Supplied information »
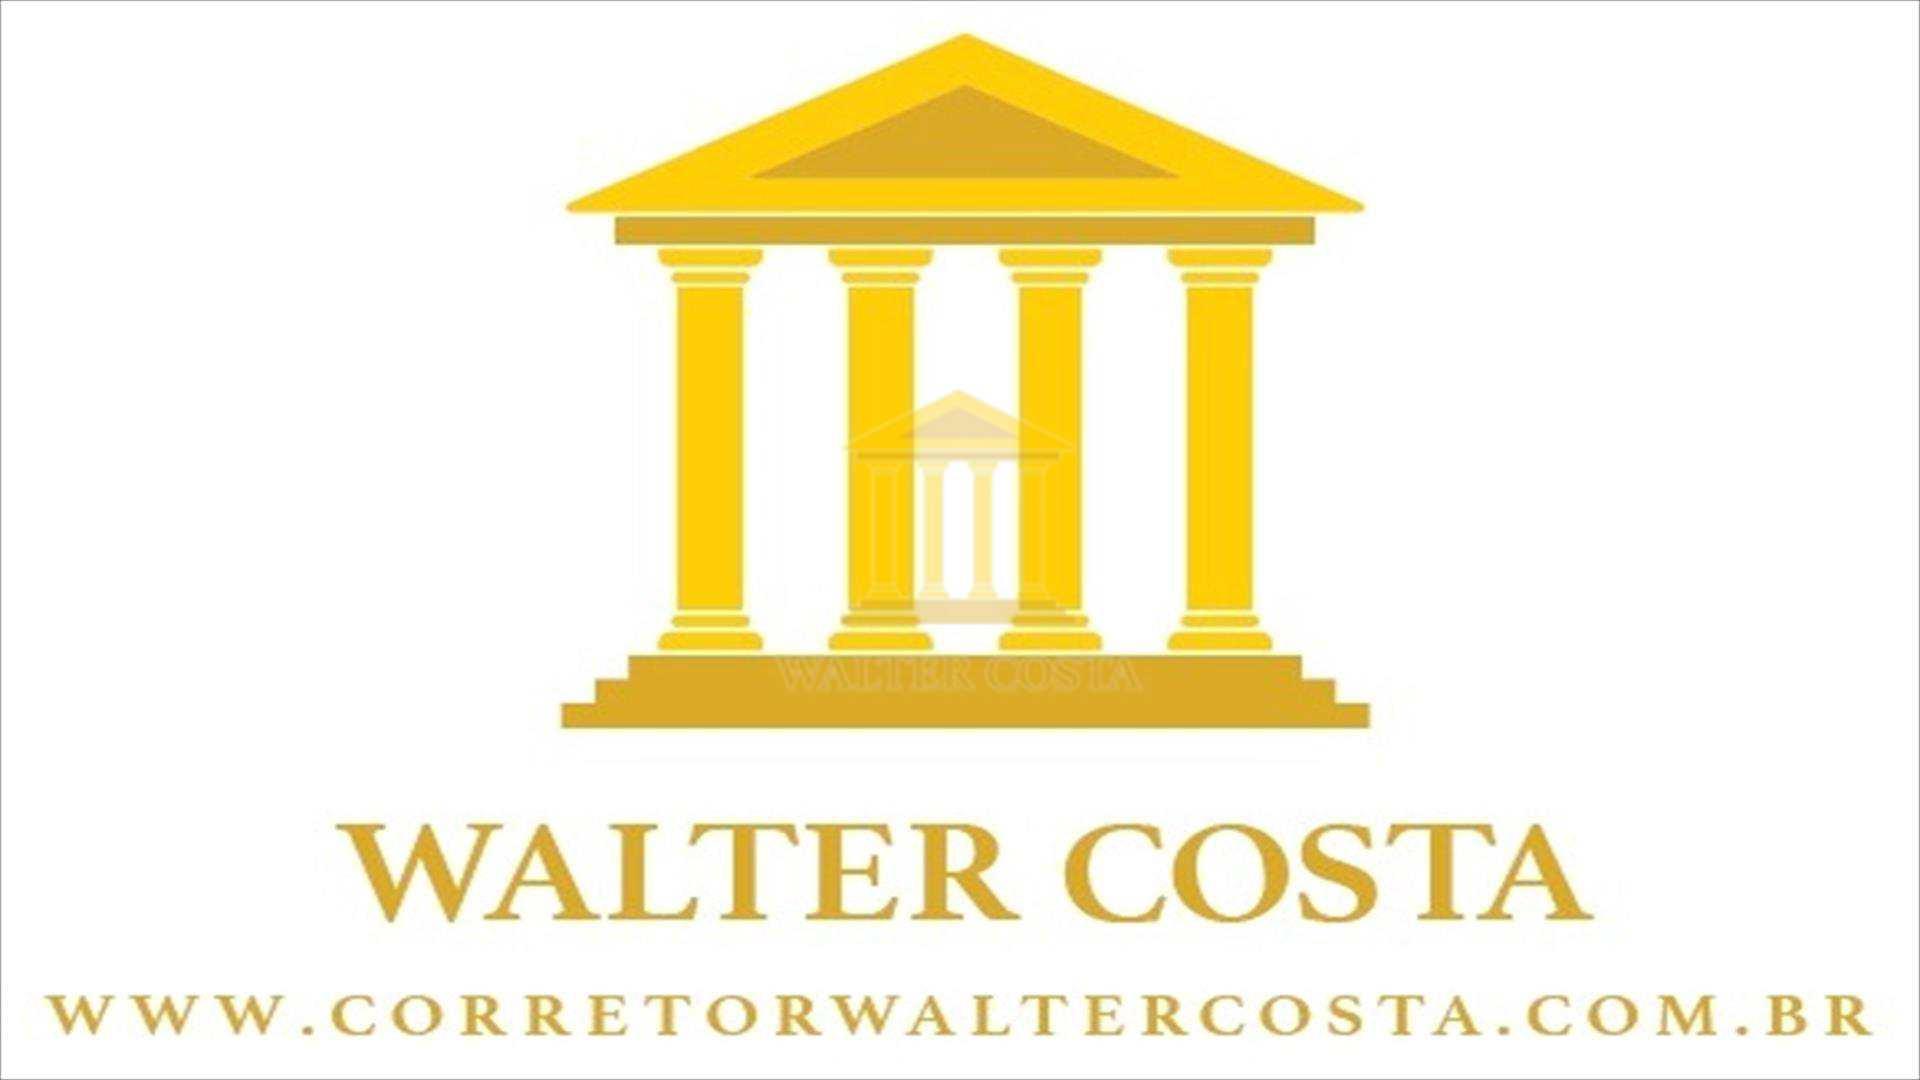 11500-LOGO_CORRETOR_WALTER_COSTA_NOVO.jpg
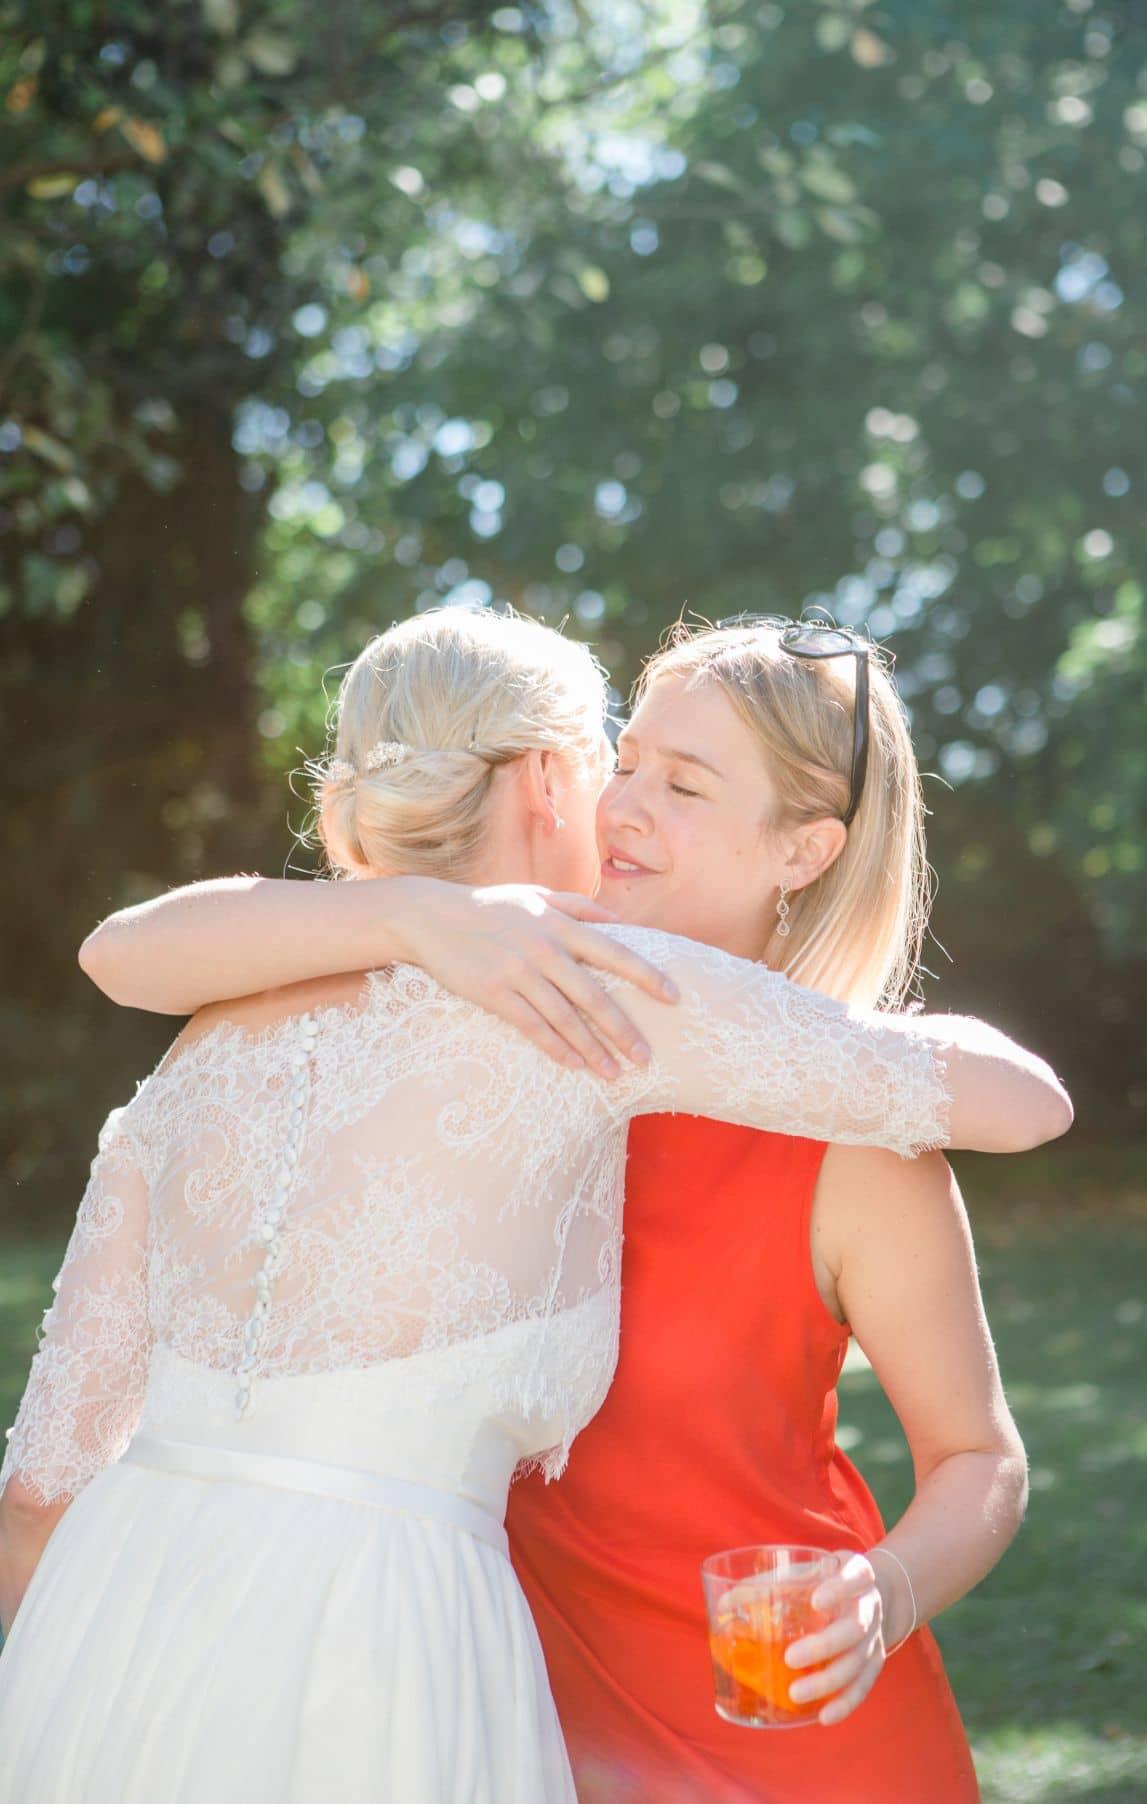 Million Memories_A&D_Hochzeitsfotograf_Schlosshochzeit_Toskana_Lago Di Como_Wedding_Tuscany_120
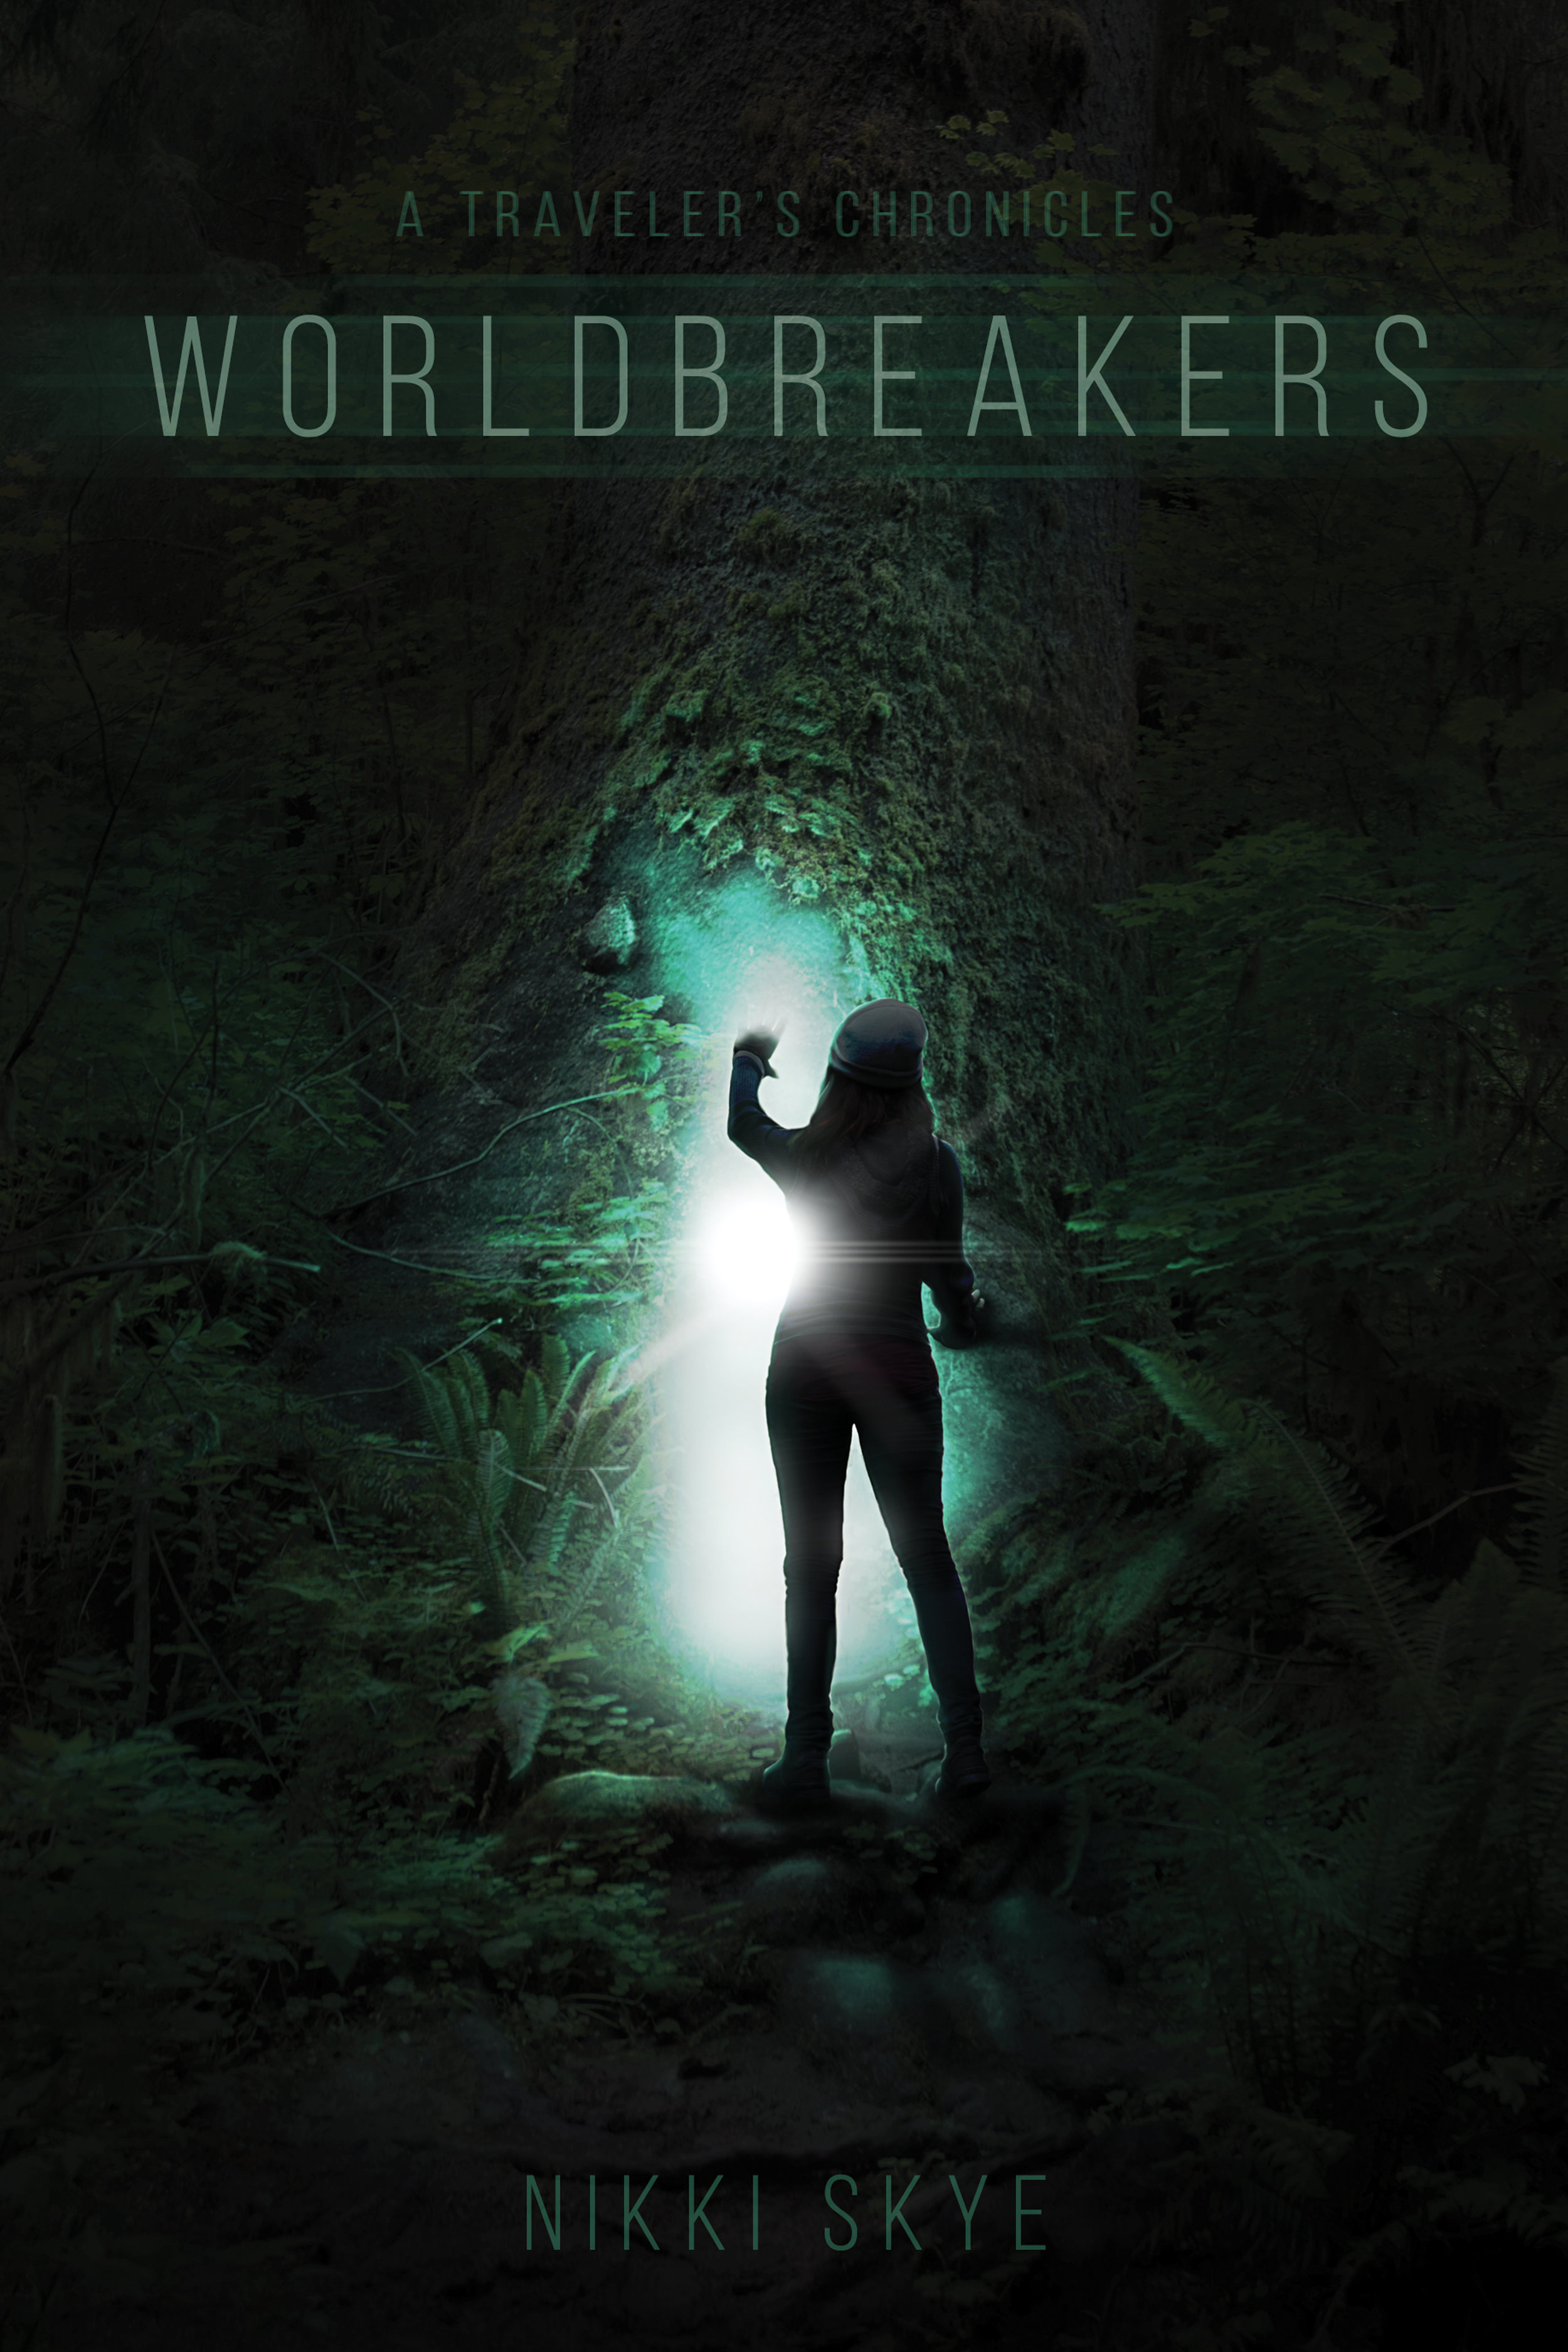 """A Traveler's Chronicles : Worldbreakers"" December 2018  Book cover art"

What is needed »
Could you reproduce all of the data above exactly and skip any image?

Answer section »
 11500-LOGO_CORRETOR_WALTER_COSTA_NOVO.jpg
 Million Memories_A&D_Hochzeitsfotograf_Schlosshochzeit_Toskana_Lago Di Como_Wedding_Tuscany_120
 """A Traveler's Chronicles : Worldbreakers"" December 2018  Book cover art"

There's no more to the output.